# Red Fish Tourny



## SkunkApe (Dec 9, 2006)

TugCapt and I fished the local Red Fish tournament starting Fri (8/9/07) @ 1900. We fished throughout the night and into the breaking morning. I didn't take a lot of pix as we were focusing on stringing up a few good fish. We must have caught at least 10-12 nice Reds each out there before we crapped out. Here's highlights of the trip: 
-Don't forget your bait in the cooler in your truck. Cast netting up bait is productive, but is time consuming and the Reds don't seem to care if it's frozen or fresh. 
-Try a Redfish Magic Spinnerbait (Pumpkin Seed / Chartruse tail). It works. Thanks Ruthless.
-When your buddy goes off cast netting into the darkness, and he says "Watch my Rods", watch them because karma dictates that the biggest fish of the night is going to get on your friends line, not yours. It did. 
-When a drag burning Red comes right at you and goes under the anchored kayak and gets wrapped in the anchor line, get the net and deal w/ the birds nest later. Do not attempt to mouth the fish .
-Oyster beds are pointy, sharp, nasty slicing platforms. Try not to go to your knees when handling a decent Red on this stuff. However the blood streaming from my knee might of turned on the aquatic life, as we caught more fish when wading w/ blood in water. 
-Speck Trout are some voracious sight feeders. I crossed Tugs line in the darkness so started reeling as fast as I could w/ a cut mullet head on the end of a fishfinder rig. The bait was skipping on the water a 15-16" Speck crashed the bait about 5 feet from my legs. Very hungry fish. I might have to try that technique in the future .
-Nor'easters arrive in a neat way. It was still, stagnant and muggy around 3am. A visual front moved in w/ tree ring layered cloud, and at 3:03am, the wind was blowing NE @ 20knts and the temp dropped from Hot to nice. 
-Don't try to grab a skate w/ plyers in murky water. You miss and he's at your feet (not a happy skate)
Here's a few pix I did manage to get: 



















Tug & my stringer after a hard nights work: 










-One side note on this, and I'm not really happy about it. I caught a Red on the Redfish Magic and turned out this dude had 17 Spots. The Tourny had a "Calcutta" division for the Red w/ the most Spots. I measured him and he came out @ 18 1/16, barely legal. I measured him right side up, upside down, North, South, forwards and backwards. Each time, right out of the water he was 18 & some. I even had TugCapt do an independent measure, he agreed that it's a keeper. Well, we crapped out and went home, put the fish on ice for 6hrs and napped until the weigh in. I awoke, grabbed the fish out of the cooler, and low and behold, the SOB shrunk to 17 3/4". No stretching or creative measurements would make that guy 18 again. Well, I didn't even bother taking that fish to the weigh in as I'm sure some sore competitor would be dialing the VMRC behind my back. Oh well, it was legal when I boated it, so it found my friends skillet. This is the fish in question: (and yes I've had beers and I'm not happy w/ the shrinkage)

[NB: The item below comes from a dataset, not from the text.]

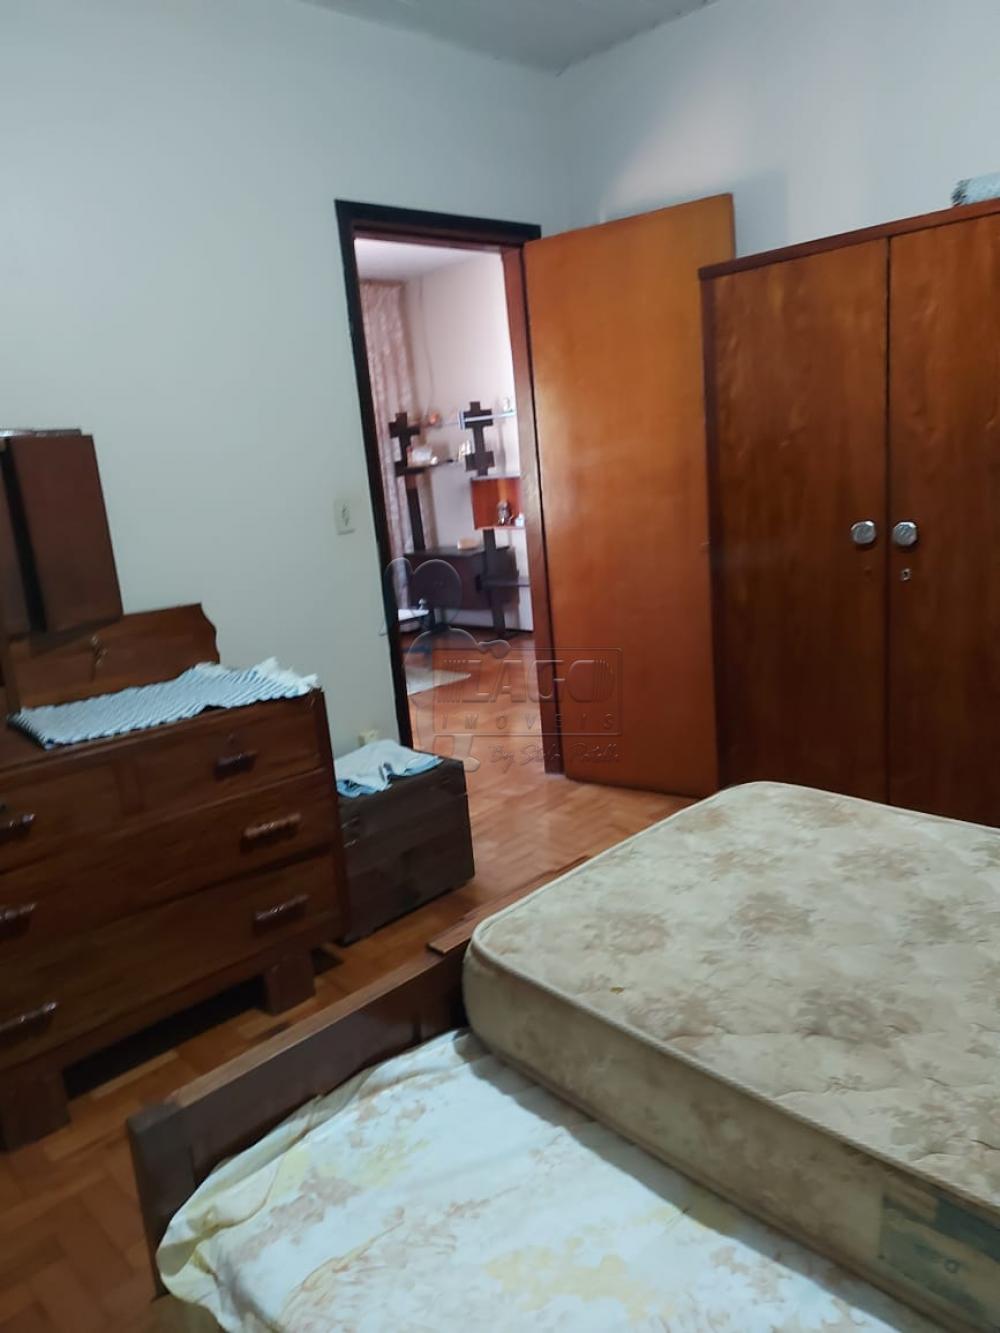 Comprar Casas / Padrão em Sertãozinho R$ 270.000,00 - Foto 5

So that's the Tourny report. I'm headed back out for a less stressed round of fishing here in a few. 

Good Luck All!!! :fishing: :fishing:


----------



## TugCapn (Jun 18, 2007)

NICE REPORT SKUNK....I agree fully with the watch my rod theory....But I would never ask you to watch my beer because I know the results of that :beer:. Had a blast we need to hook up again soon ......PEACE OUT M8


----------



## ruthless (Sep 5, 2003)

It was good to see more yakkers going head to head with motor boats. We were going to yak, but decided that we would join efforts and fish from Boat's flats skiff. We ended up with 9.2 oz with our biggest fish at 5lbs. We also managed to keep our fish alive (Thanks Fish Flo2) and they were kicking at the weigh in. 

See ya on the water.


----------



## becoyote (Aug 1, 2007)

*Hey*

Nice work! Looked for you out there today.

3 flounder. 2 about 18 inches 1 barely legal right at 18.5


----------



## SkunkApe (Dec 9, 2006)

All right! Nice Flounder. I'll be pretty busy this week, so no telling if I'll make it out. I'm gonna target the flatties next few trips.


----------



## RuddeDogg (Mar 20, 2004)

*Great job guys*

congrats on the catch.


----------



## lipyanker (May 31, 2006)

nice report thanks for the photos


----------



## fingersandclaws (Oct 17, 2005)

Nice job guys!!! Flatties in VA huh? Interesting . . . :fishing:


----------



## AL_N_VB (Apr 3, 2002)

fingersandclaws said:


> Nice job guys!!! Flatties in VA huh? Interesting . . . :fishing:


there ain't no fish in VA.....just pre-turbed anglers.


----------